As she worked on the spot, she had me bend my leg back, pushing harder on the muscle as I assisted in my own torture like something out of Saw. She was talking calmly to her assistant as she channeled semi truck strength through her small hands and into my leg as my wince turned into a twisted mask and tears leaked out of the corner of my eye.  This, she told her assistant, is the expression we need to see with him.

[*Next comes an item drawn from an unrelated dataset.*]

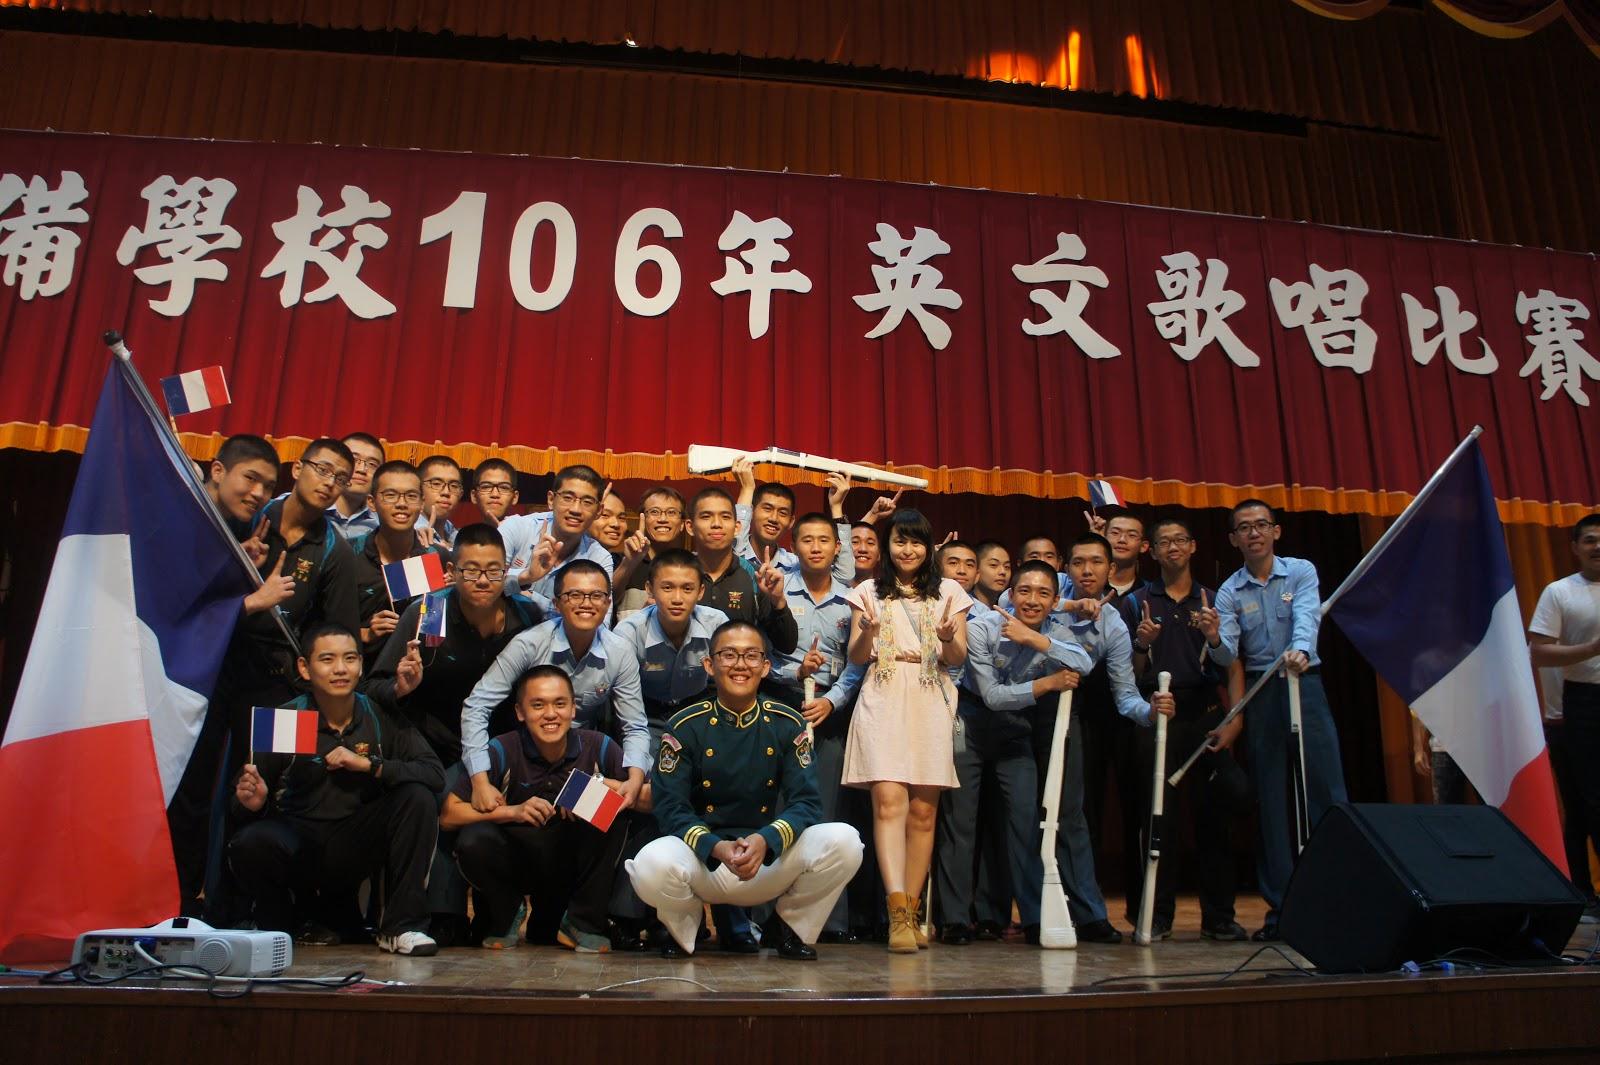 中正國防幹部預備學校: 高三英文歌唱比賽活動紀實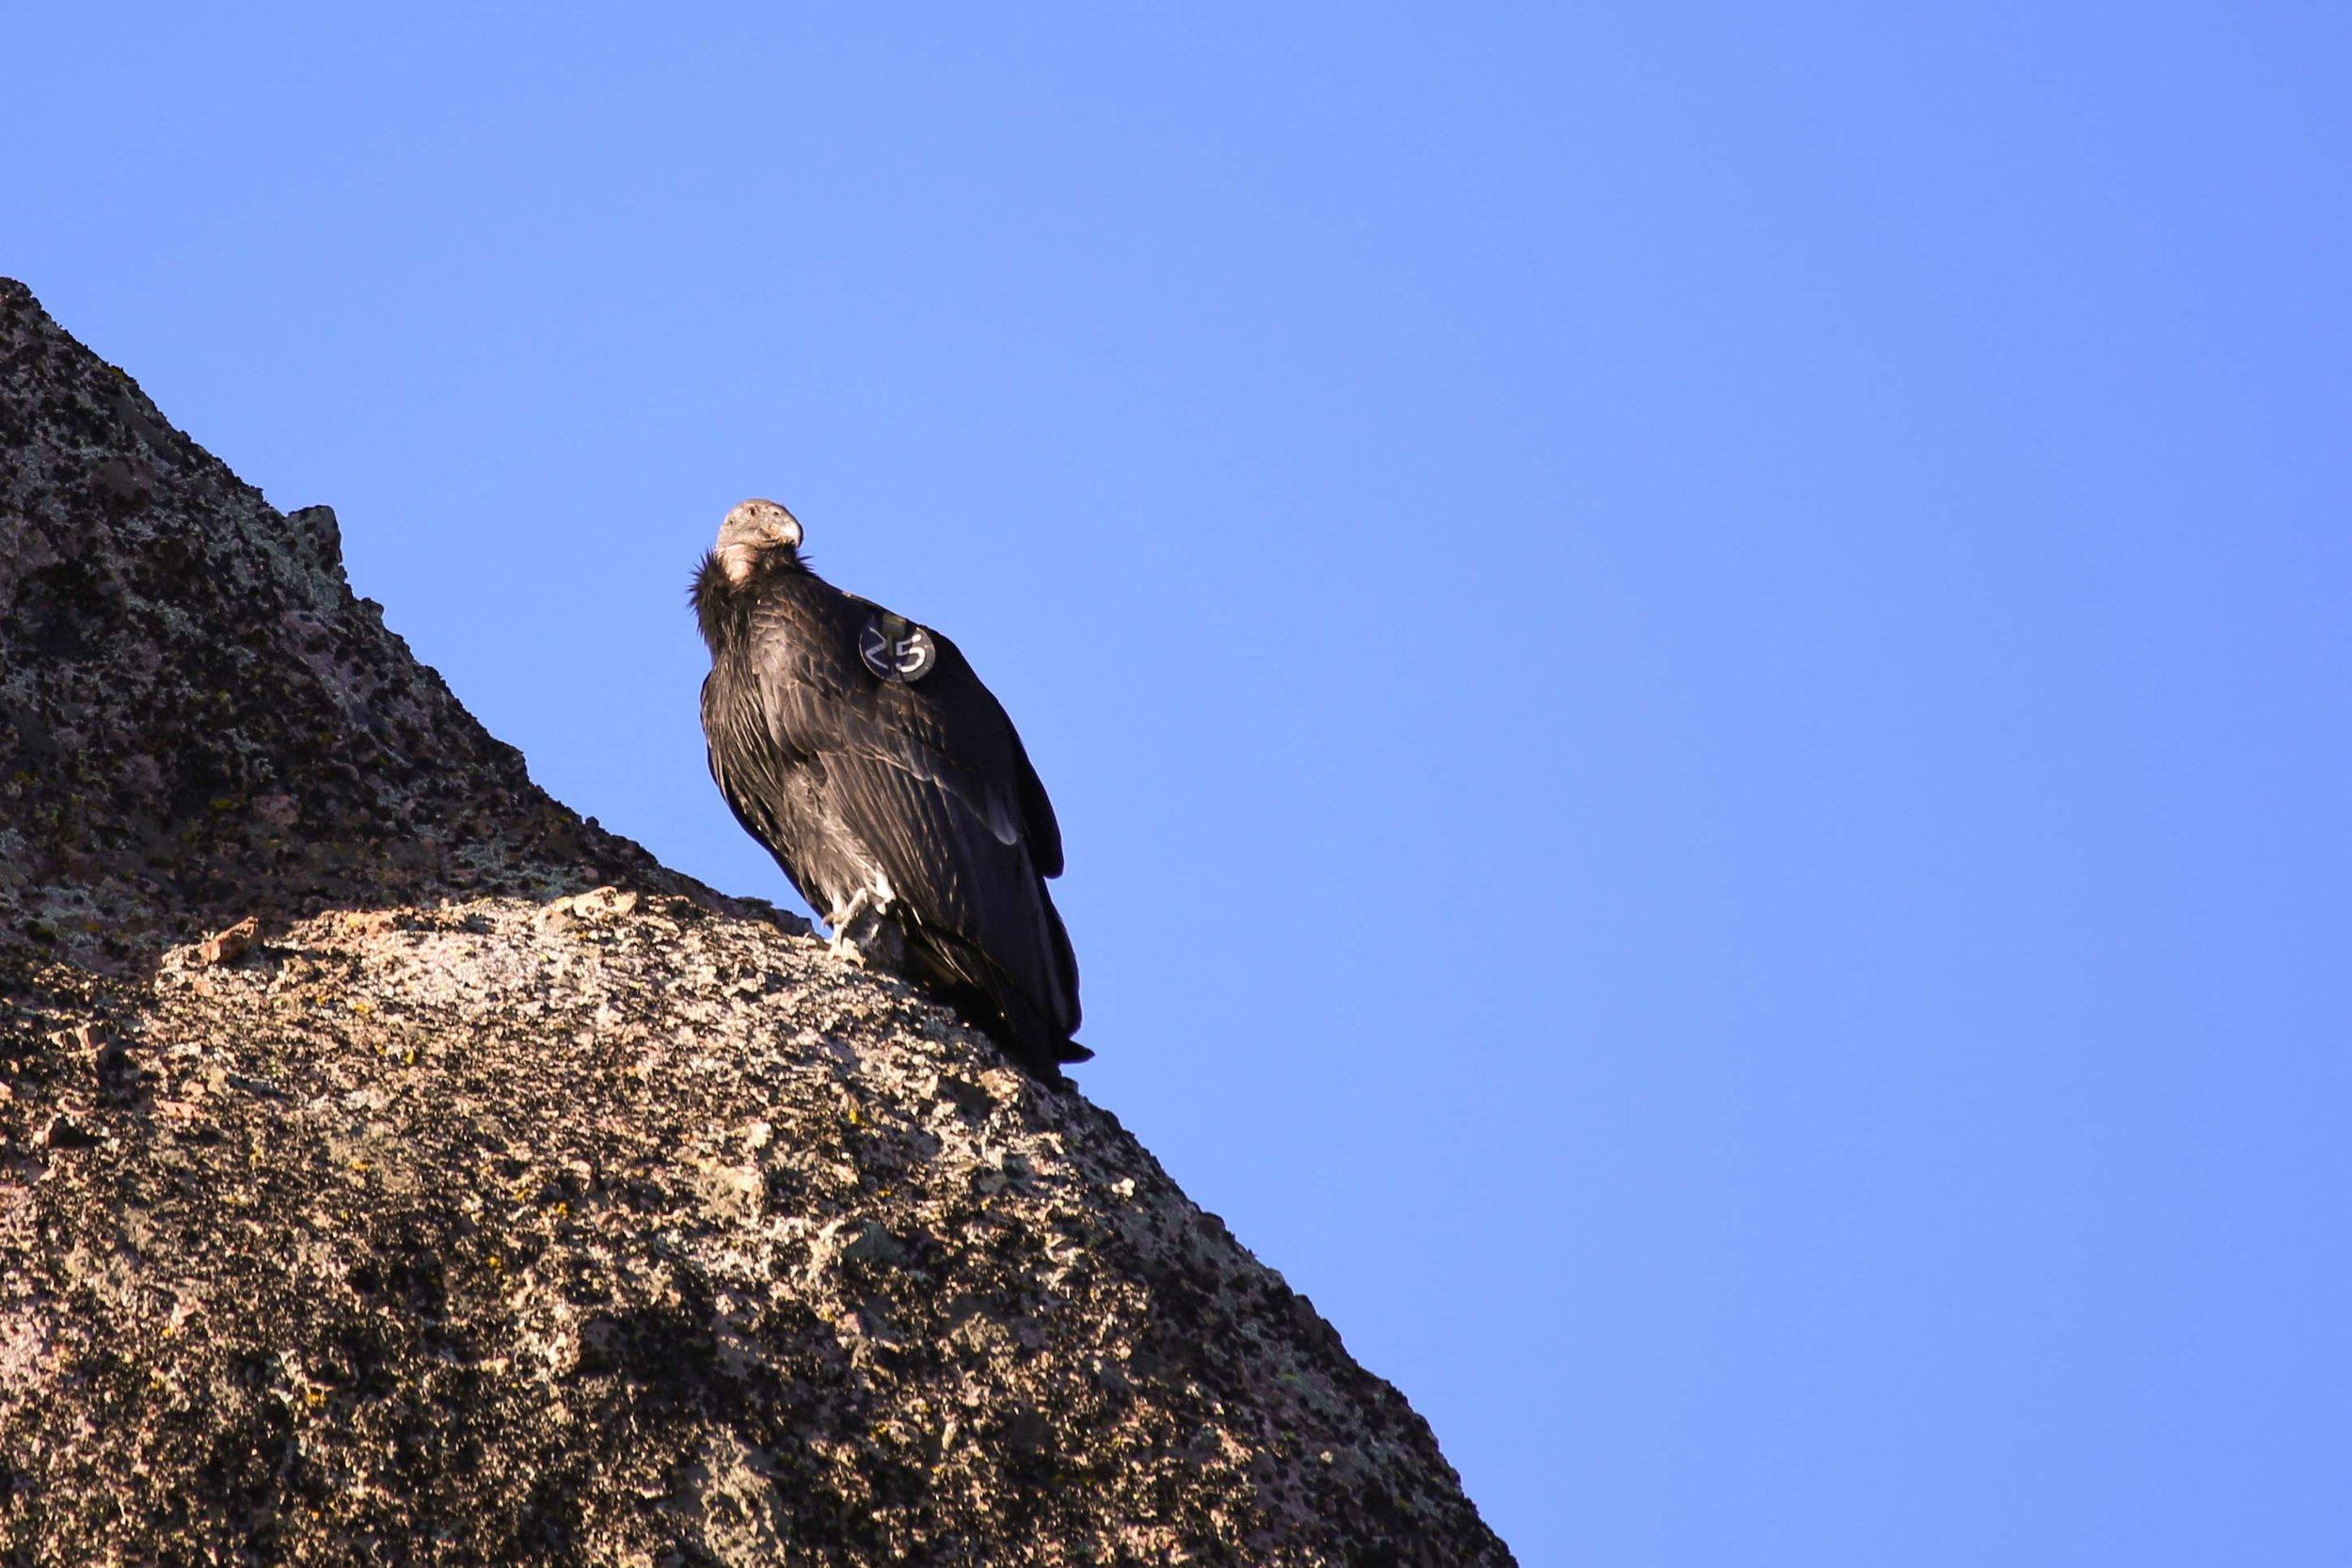 California Condor at Pinnacles National Park,  photo  by Joe Parks /  CC BY .

This was not my Dr., she would never ride a trike
She asked me to make 2 more appointments for the following week, and at that point I just nodded, a defeated man, her will be done. I asked the Dr. if I was allowed to run on it, and she encouraged me to test it out, so I drove down the street to my favorite trail (the trailhead was about a mile from her office) and had a relatively pain-free and joyous run. My hopes for the 50K had been restored, and I gave myself a rest day before the ill-advised 19-miler.
That was a week ago and I had to call and cancel my two appointments for this week. I spoke to the receptionist with the soft voice who told me she hoped I felt better soon and I should re-schedule for next week, so yeah I will, but let me get over this fever first, and your soft voice isn't hiding anything, I know what goes on behind that closed door.
I do think it helped, and I will go back, and I was stupid to try to run 19 miles, and I am probably not going to run Noble Canyon because I don't want to jeopordize the 50 miler next month or the Grand Canyon run the following month, so if you read this and you see me toeing the line out there at the Pine Valley Bible School, please punch me in the face. It's for my own good.
My new running buddy, Hazel

On a lighter note, we got an Australian Shepherd mix (with some German Shepherd), she is eight weeks old and I can already tell by the way she runs in circles around the backyard, that she is going to love the trails. Hopefully, by next year, we'll be out in the rain when no one else is around, both of us off of our leashes and drool flying freely in the wind.